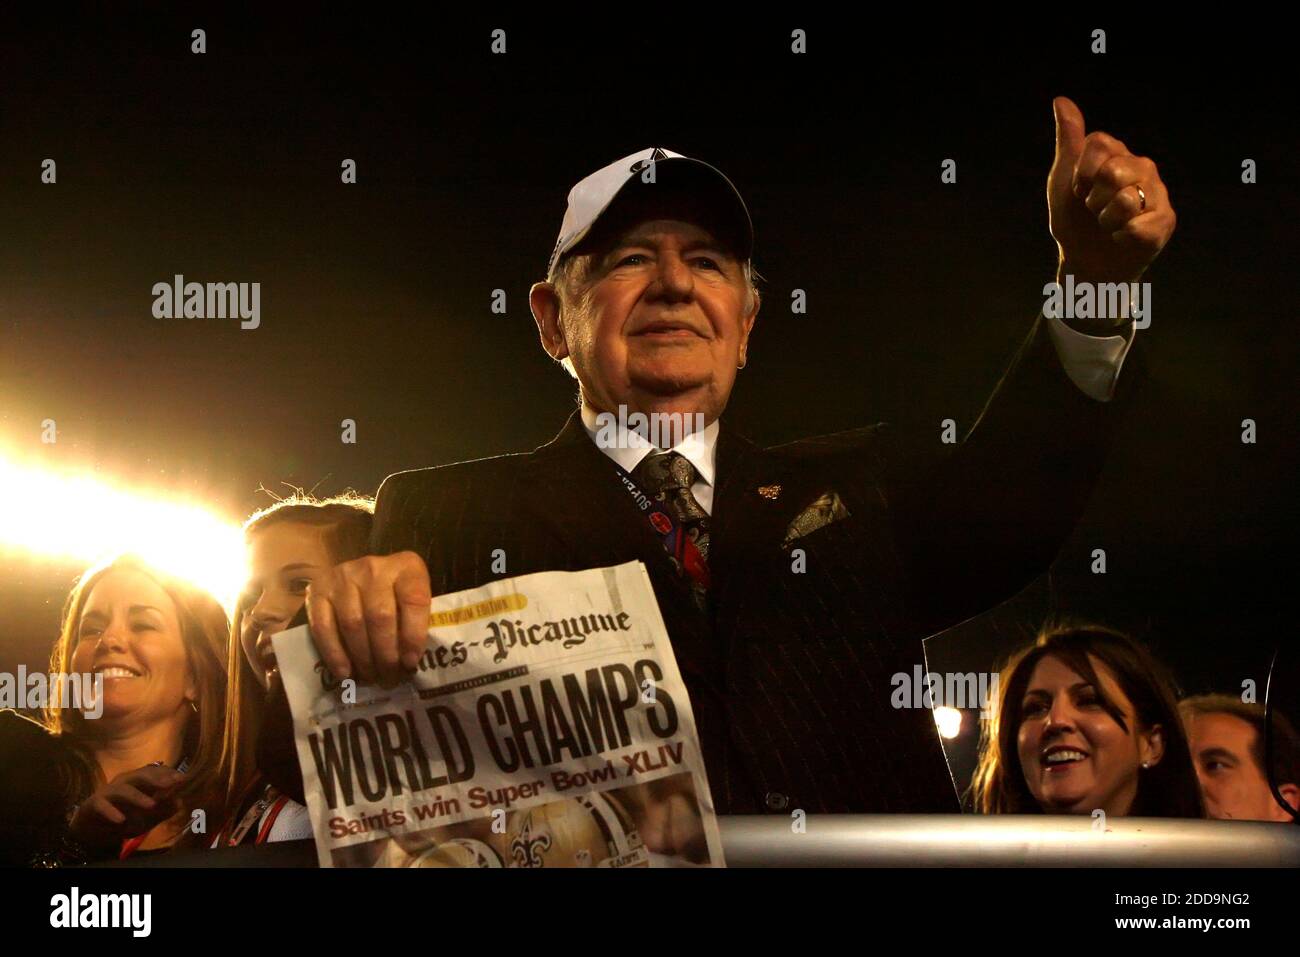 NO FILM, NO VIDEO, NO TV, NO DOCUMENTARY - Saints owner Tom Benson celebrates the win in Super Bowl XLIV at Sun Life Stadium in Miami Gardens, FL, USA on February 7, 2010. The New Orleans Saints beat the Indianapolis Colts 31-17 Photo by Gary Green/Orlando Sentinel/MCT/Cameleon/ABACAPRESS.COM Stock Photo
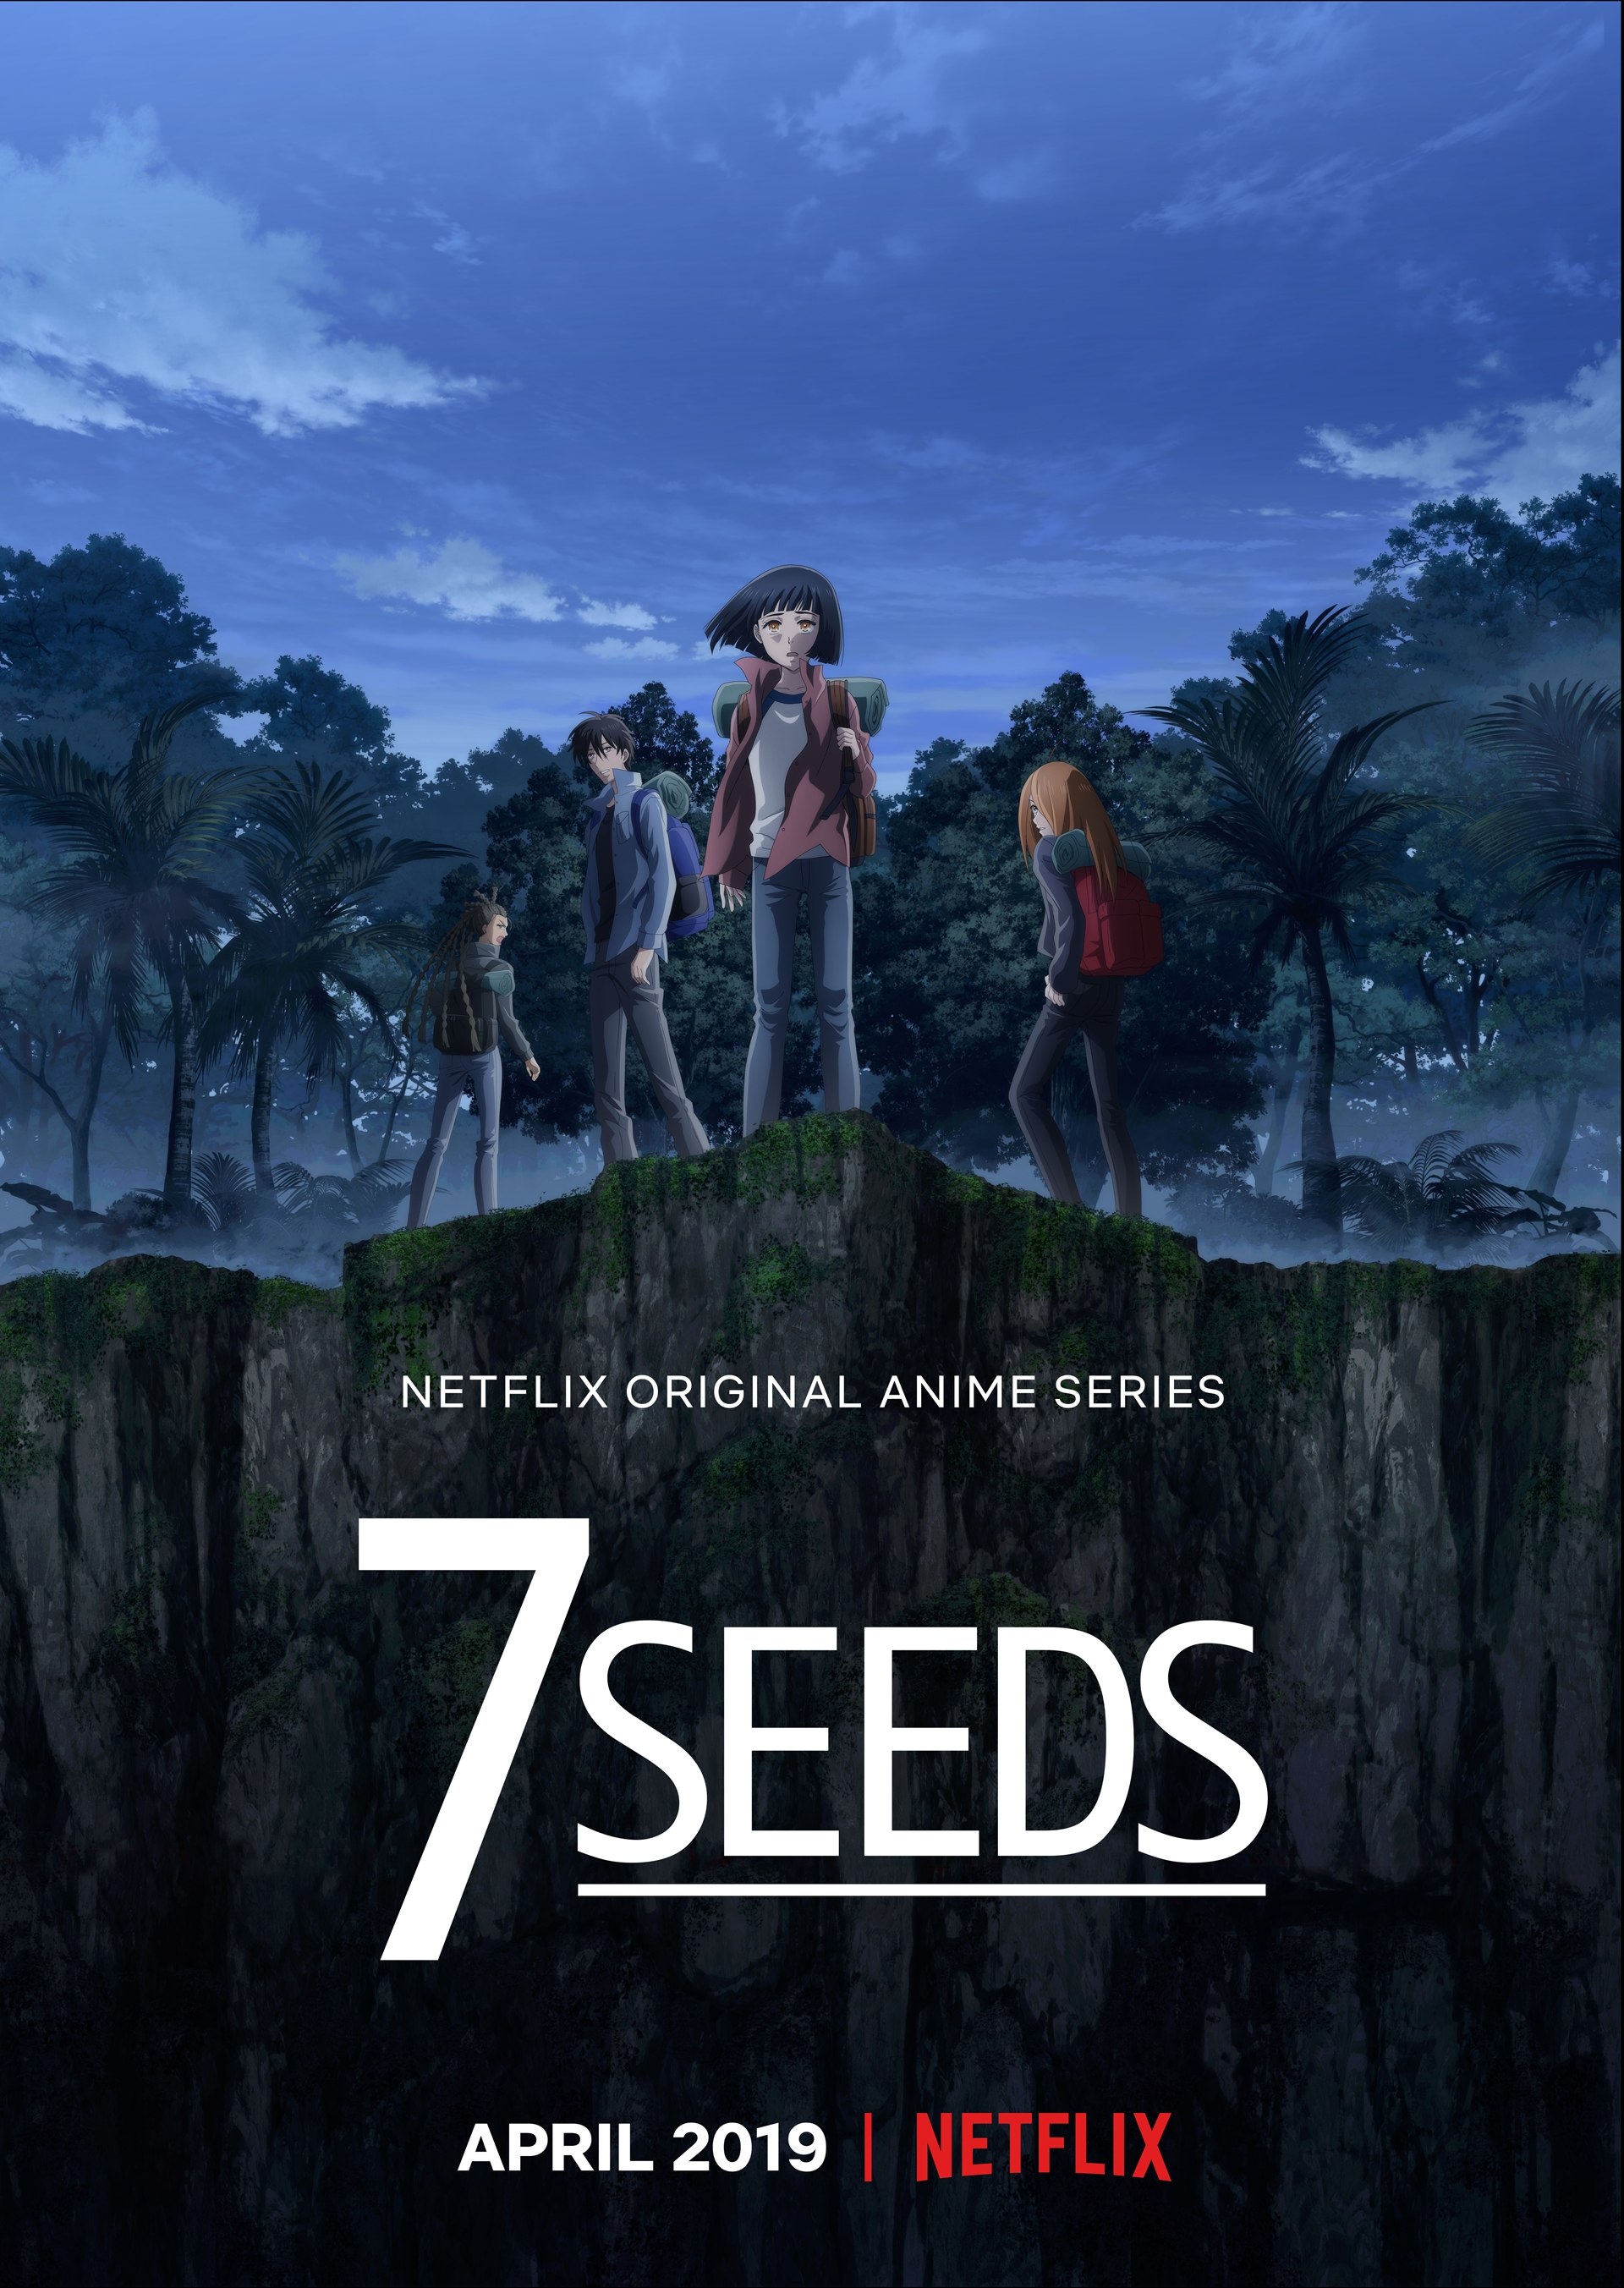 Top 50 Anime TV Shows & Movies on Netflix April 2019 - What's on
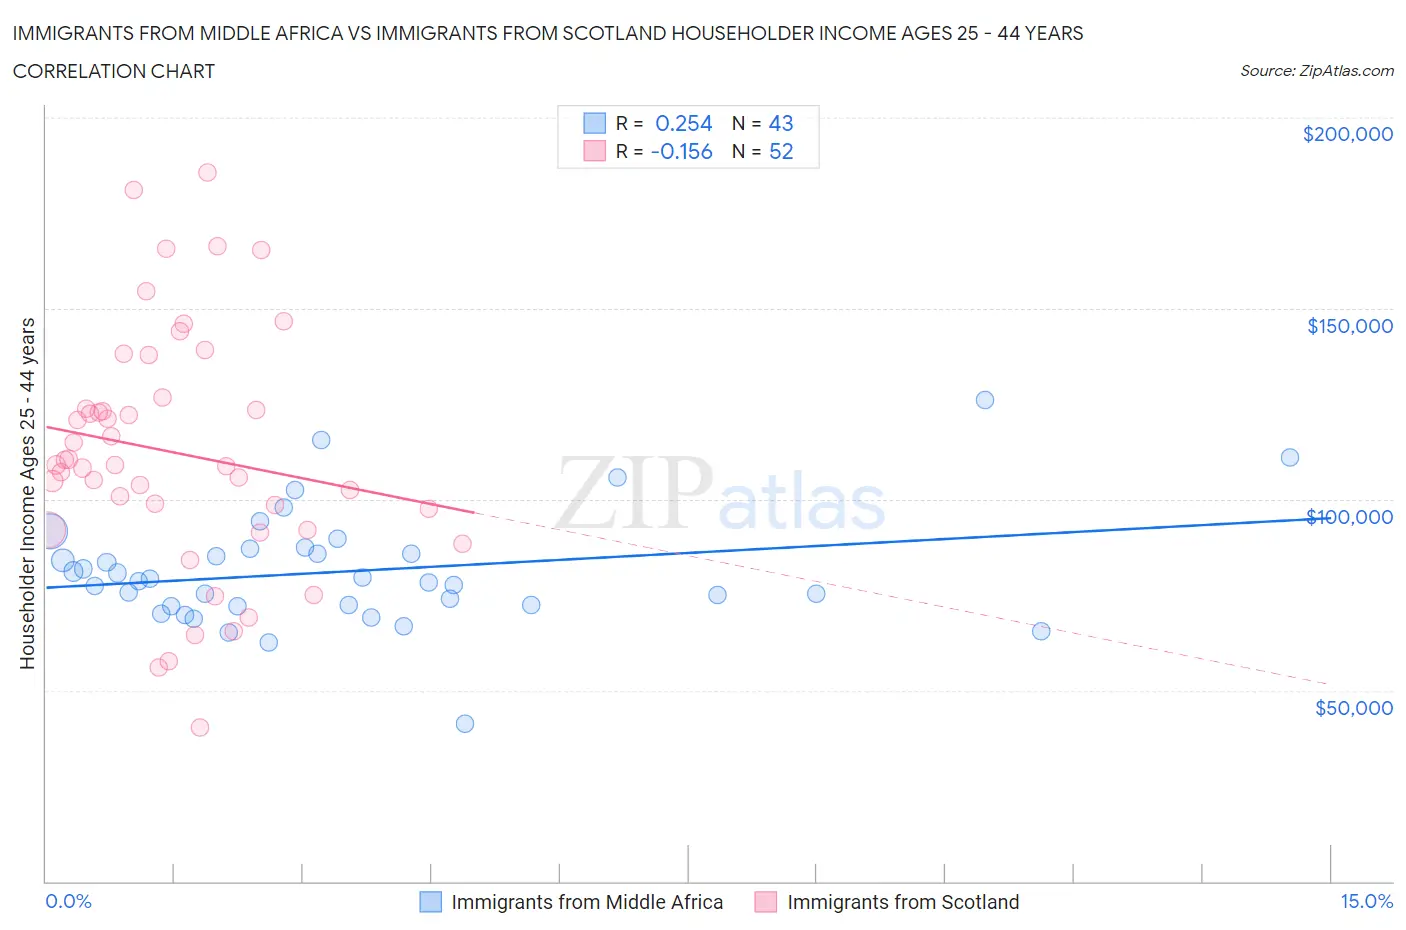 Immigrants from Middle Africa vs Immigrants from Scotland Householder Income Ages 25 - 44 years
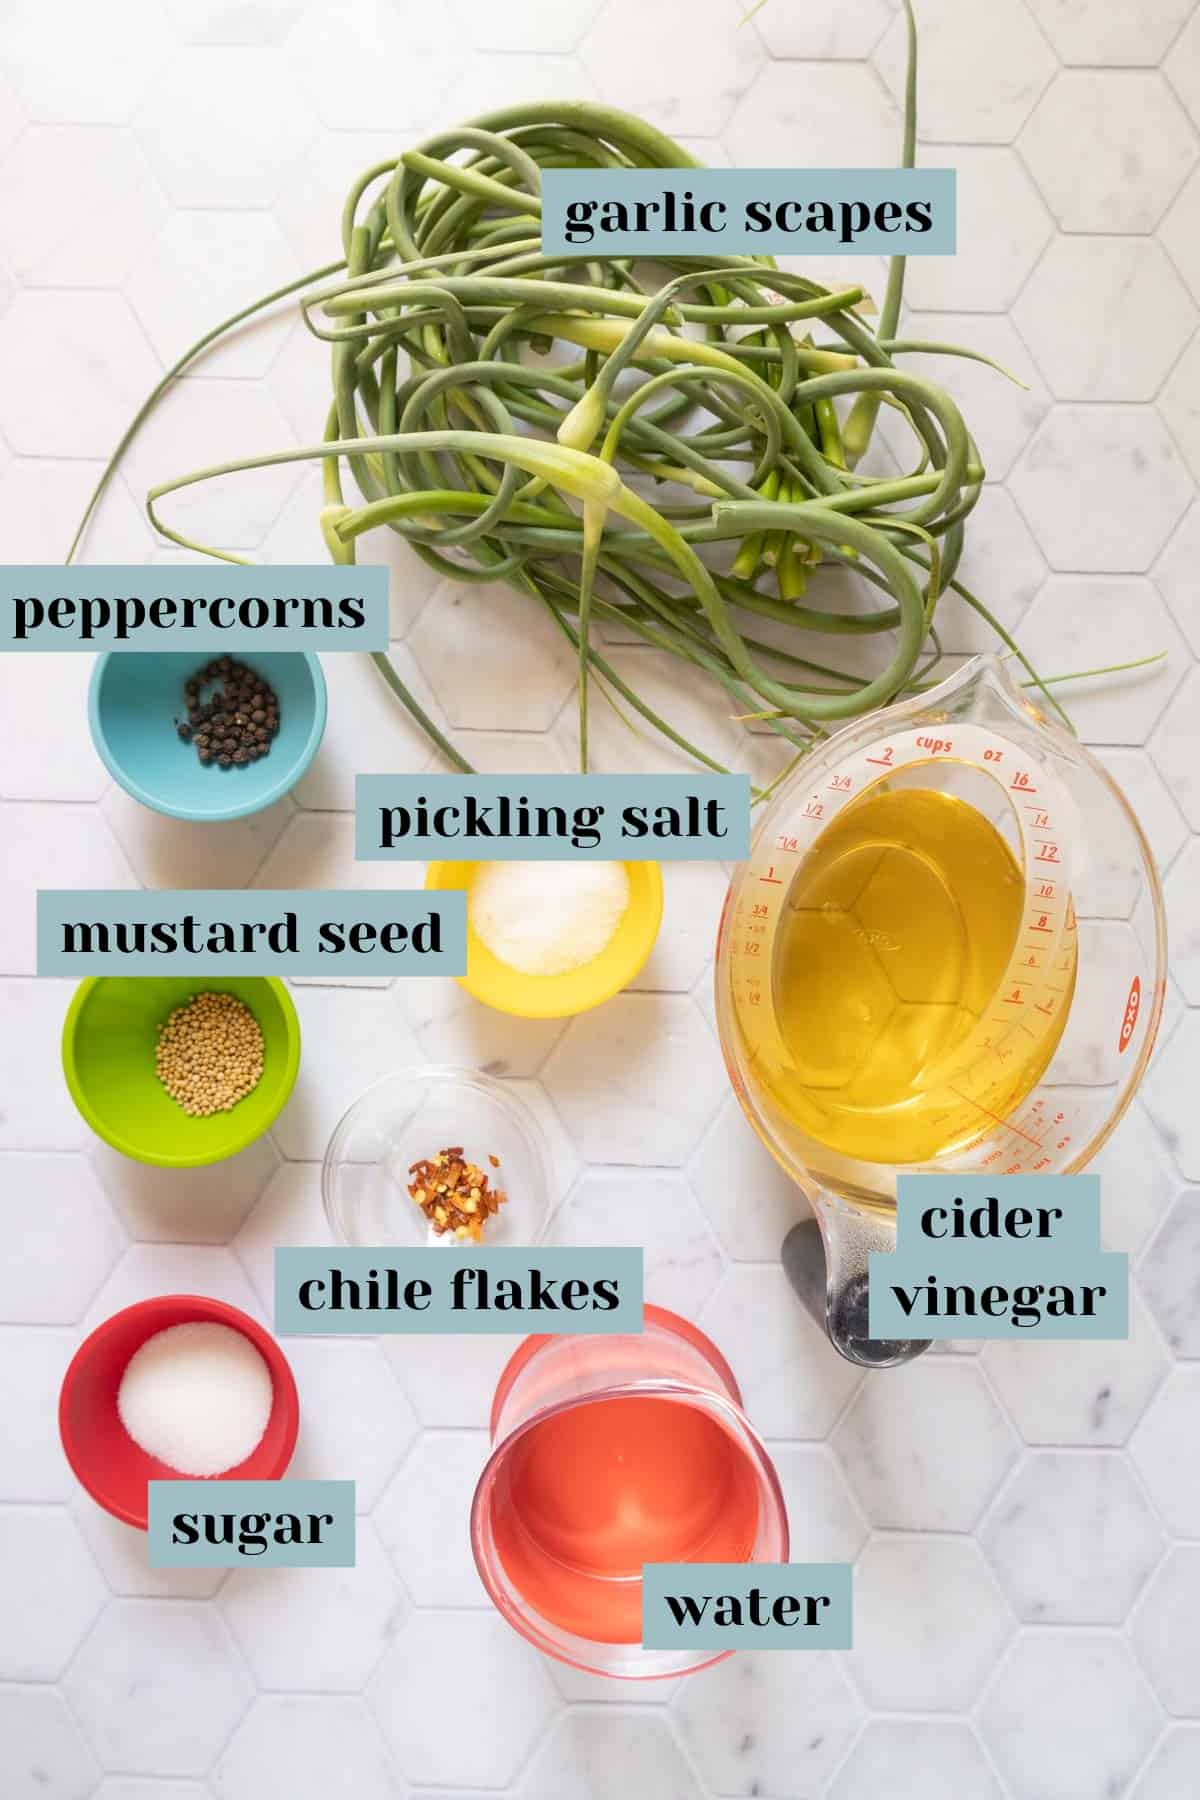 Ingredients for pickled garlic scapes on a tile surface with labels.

Problem details » Without the pictures, write out the whole listing above exactly as it appears.

Written answer »
 NO FILM, NO VIDEO, NO TV, NO DOCUMENTARY - Saints owner Tom Benson celebrates the win in Super Bowl XLIV at Sun Life Stadium in Miami Gardens, FL, USA on February 7, 2010. The New Orleans Saints beat the Indianapolis Colts 31-17 Photo by Gary Green/Orlando Sentinel/MCT/Cameleon/ABACAPRESS.COM Stock Photo
 Top 50 Anime TV Shows & Movies on Netflix April 2019 - What's on
 Immigrants from Middle Africa vs Immigrants from Scotland Householder Income Ages 25 - 44 years
 Ingredients for pickled garlic scapes on a tile surface with labels.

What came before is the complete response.